As gifts, city map prints have a specificity that most wall art lacks. A print of Bath for someone who moved away. A London map for someone who's just arrived. An Edinburgh print for a student who spent three of the best years of their life there. A York map for the couple who got married in the Minster. The 98types buy 3 get 1 free offer means a set of four city maps — enough to tell the story of someone's life in cities — costs the price of three, from just £9.
Frequently Asked Questions — UK City Map Prints
What UK city map prints does 98types stock?
Confirmed 98types UK city map prints include: London, Edinburgh, Bath, York, Oxford, Cambridge, Liverpool, Manchester, Glasgow, Newcastle, Sheffield, Portsmouth, Canterbury and Belfast. Browse the full UK Maps collection for all available cities.
How much do UK city map prints cost at 98types?
All UK city map prints at 98types start from £3. Sizes range from A6 (small, card-sized) to A3 (large statement piece). The buy 3 get 1 free offer means 4 city map prints cost the price of 3 — a Great Britain gallery wall from just £9.
Are UK city map prints a good housewarming gift?
Yes — a city map print of someone's hometown, university city or the city they've just moved to is one of the most personal and meaningful housewarming gifts you can give. It's specific, it's useful as wall art, and it connects a home to the places that matter. All 98types prints arrive on museum-grade 260gsm paper, ready to frame, with same-day dispatch before 3pm for last-minute gifts.

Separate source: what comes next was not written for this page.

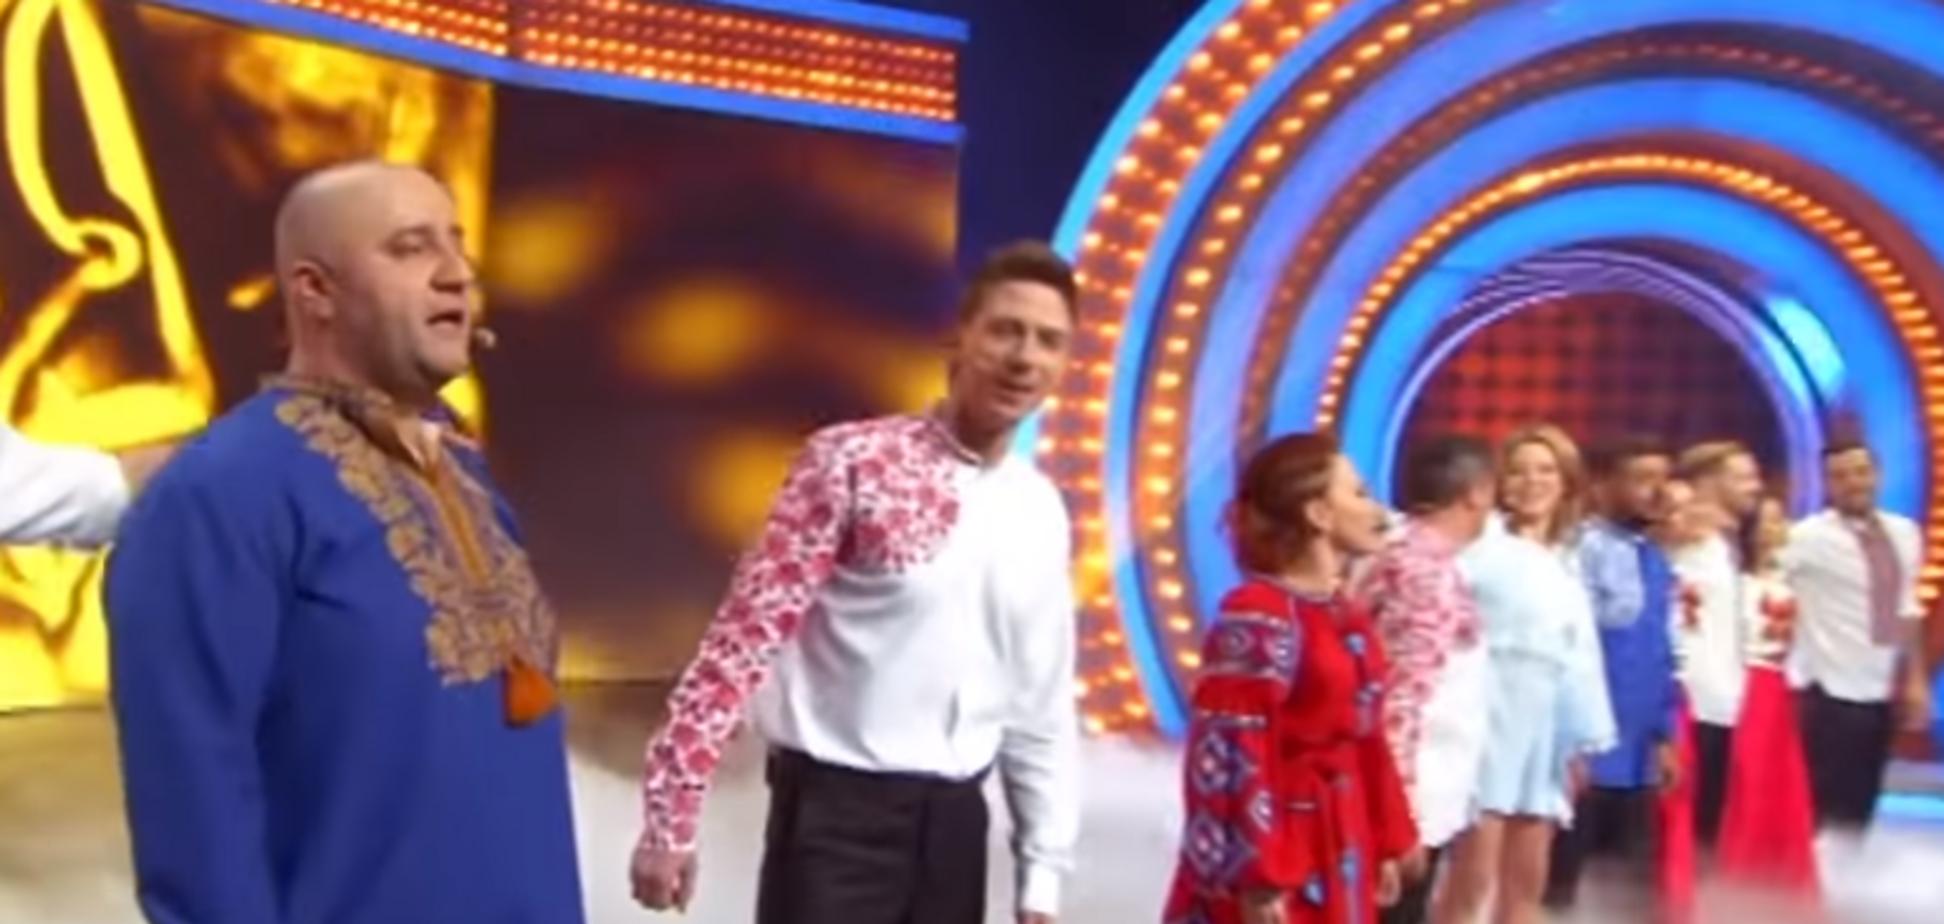 'Магія і талант!' Пісня 'Дизель шоу' про рідну країну довела до сліз українців
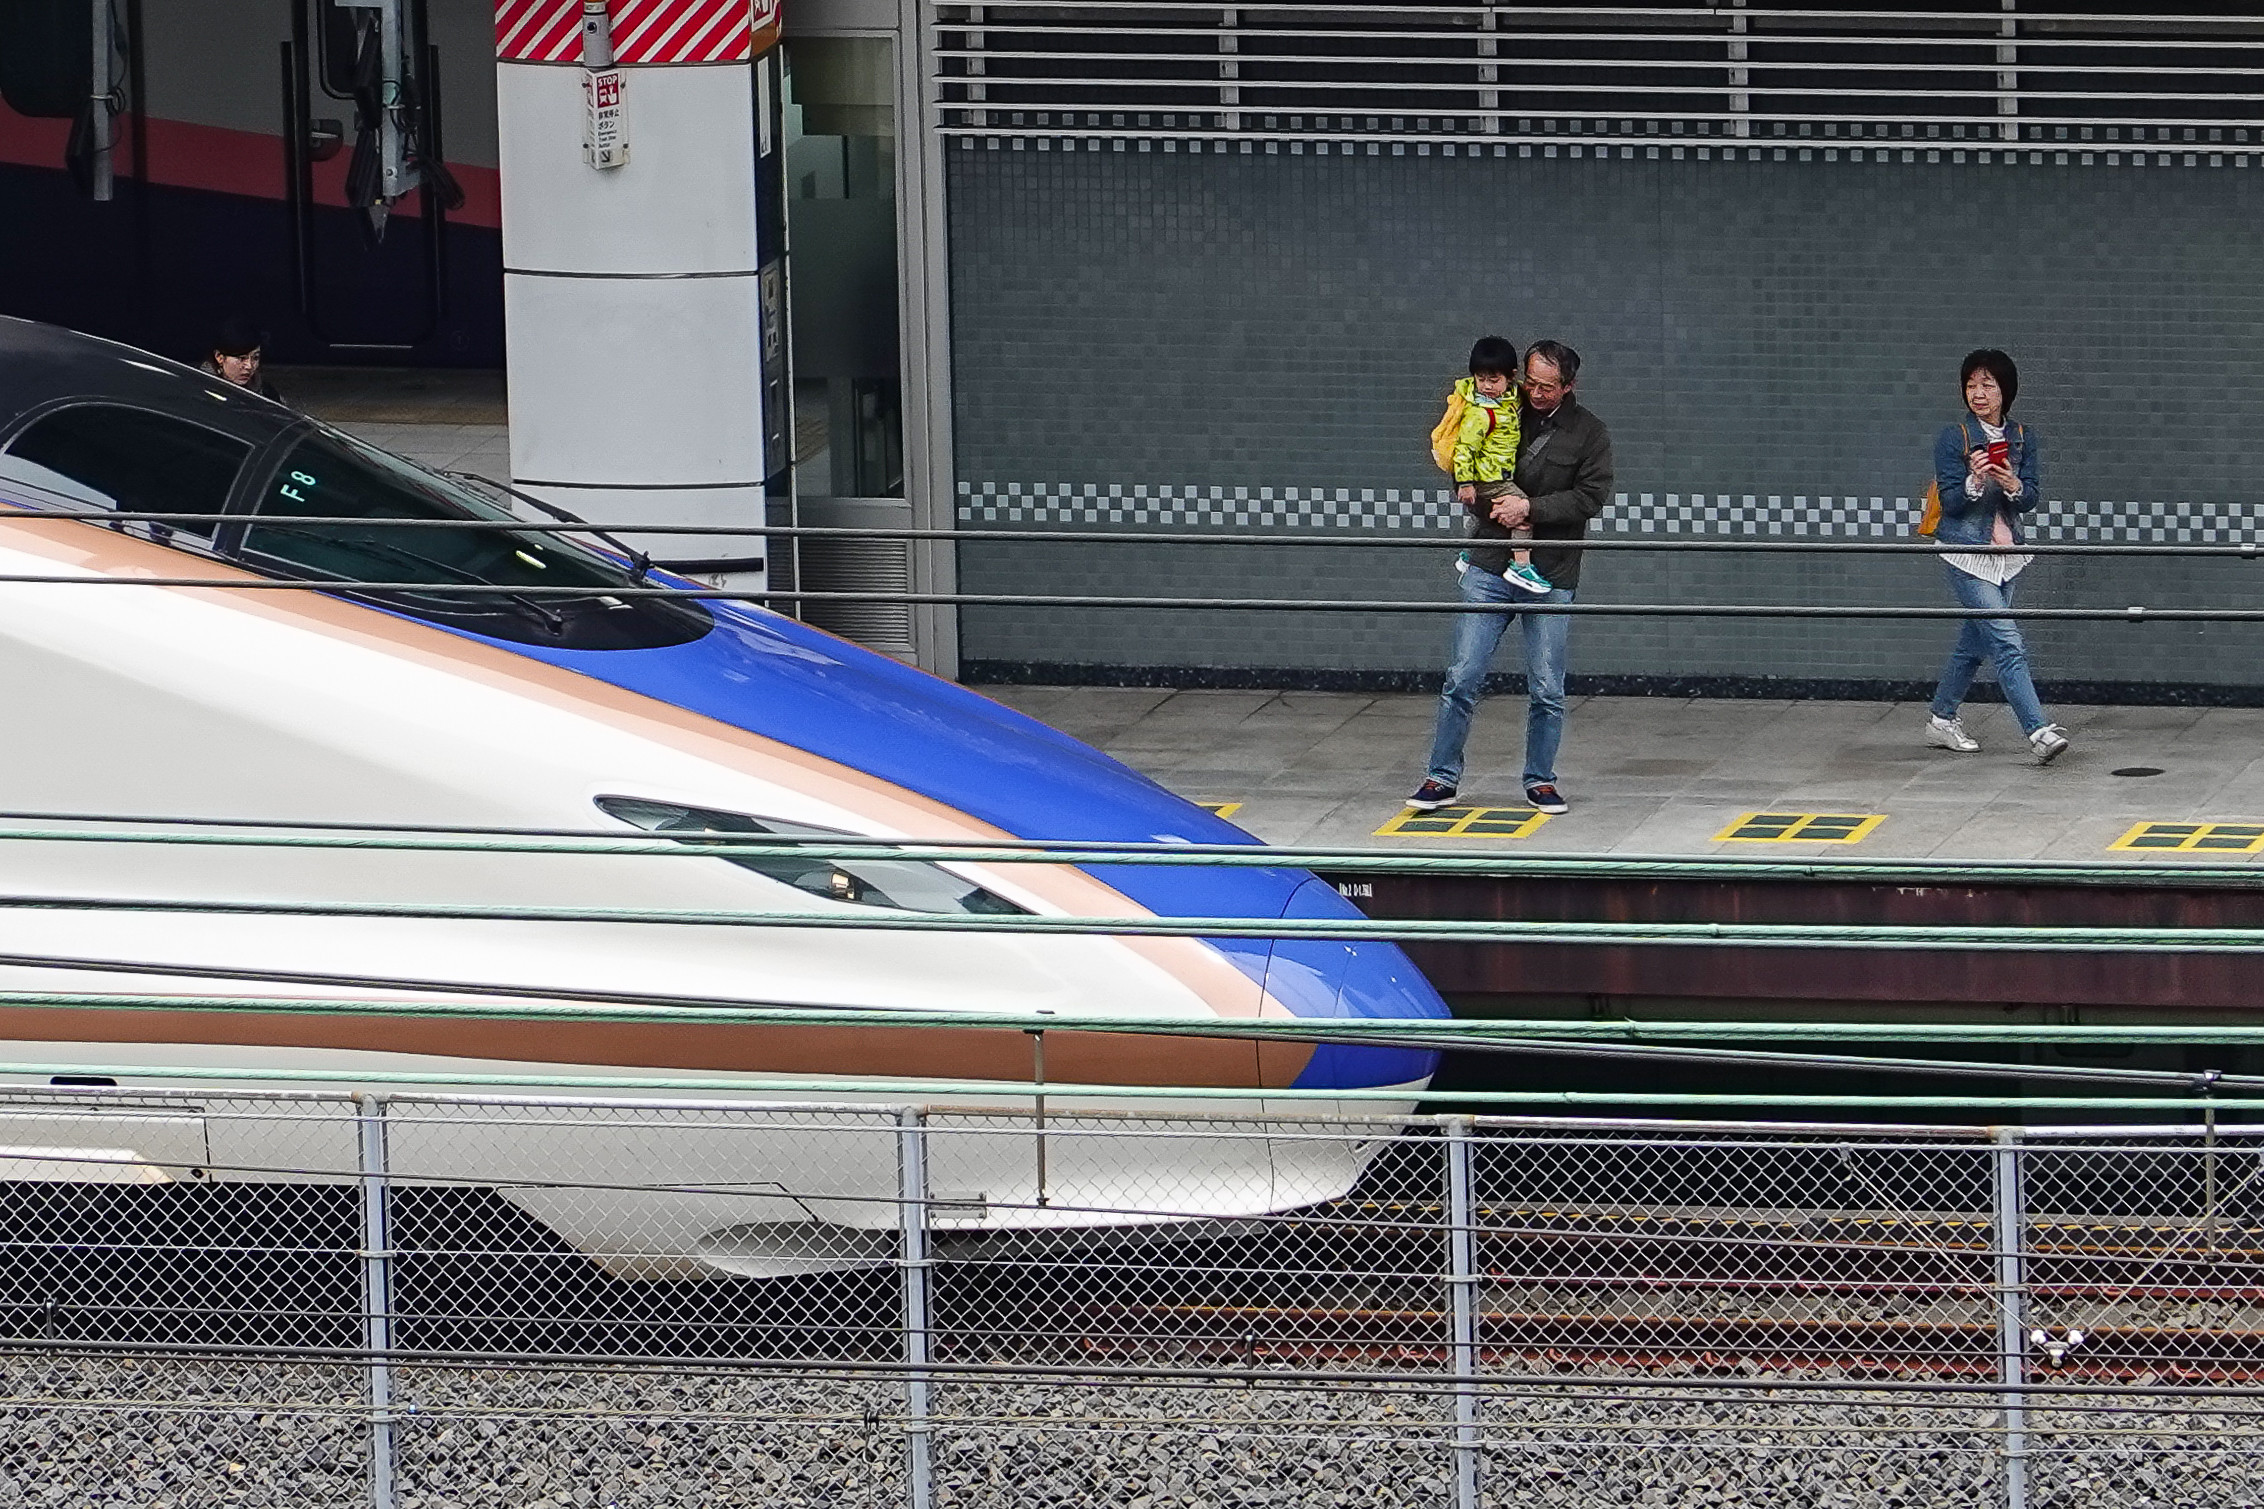 ▲▼日本,新幹線,高速鐵路,E7系列車,JR,大眾運輸,旅遊,觀光,交通,高鐵。(圖/記者李毓康攝)

What size city map print should I buy?
For a single statement piece: A3 (30x40cm). For a gallery wall of multiple cities: A4 (20x30cm) for each print, with consistent frames. For a desk or shelf display: A5 (15x20cm). All 98types UK city map prints are available in A6, A5, A4 and A3, with a framed 20x25cm option also available for select cities.
Which UK cities are UNESCO World Heritage Sites?
Three cities in this guide have UNESCO World Heritage Site status: Bath (the entire city, for its Roman baths and Georgian architecture), Canterbury (Canterbury Cathedral, St Augustine's Abbey and St Martin's Church), and Edinburgh (Old and New Town). Each city has a 98types street map print available from £3.
How fast is delivery for UK city map prints?
Order before 3pm for same-day first class dispatch from our Camden Market studio in London NW1. Royal Mail First Class typically delivers the next working day to mainland UK addresses. Digital download versions are also available for all city map prints — instant access to print at home or at any print shop.
Do you have European city map prints as well?
Yes — 98types has an extensive European city maps collection covering Paris, Rome, Amsterdam, Barcelona, Prague, Lisbon, Vienna, Madrid, Dubrovnik and many more. The same museum-grade print quality and buy 3 get 1 free offer applies.
What is the best UK city to visit in 2026?
Every city in this guide merits a visit — but for first-time UK visitors, the unmissable combination is London + Edinburgh + Bath. Together they represent Roman, Georgian and medieval Britain, plus two of the world's greatest capital cities, all reachable by rail. For the culturally adventurous: Liverpool + Manchester + Sheffield form the northern England music and culture triangle. For those who love nature and history: York + Newcastle + Edinburgh via the east coast main line covers 2,000 years of British history from Viking to Roman to Georgian.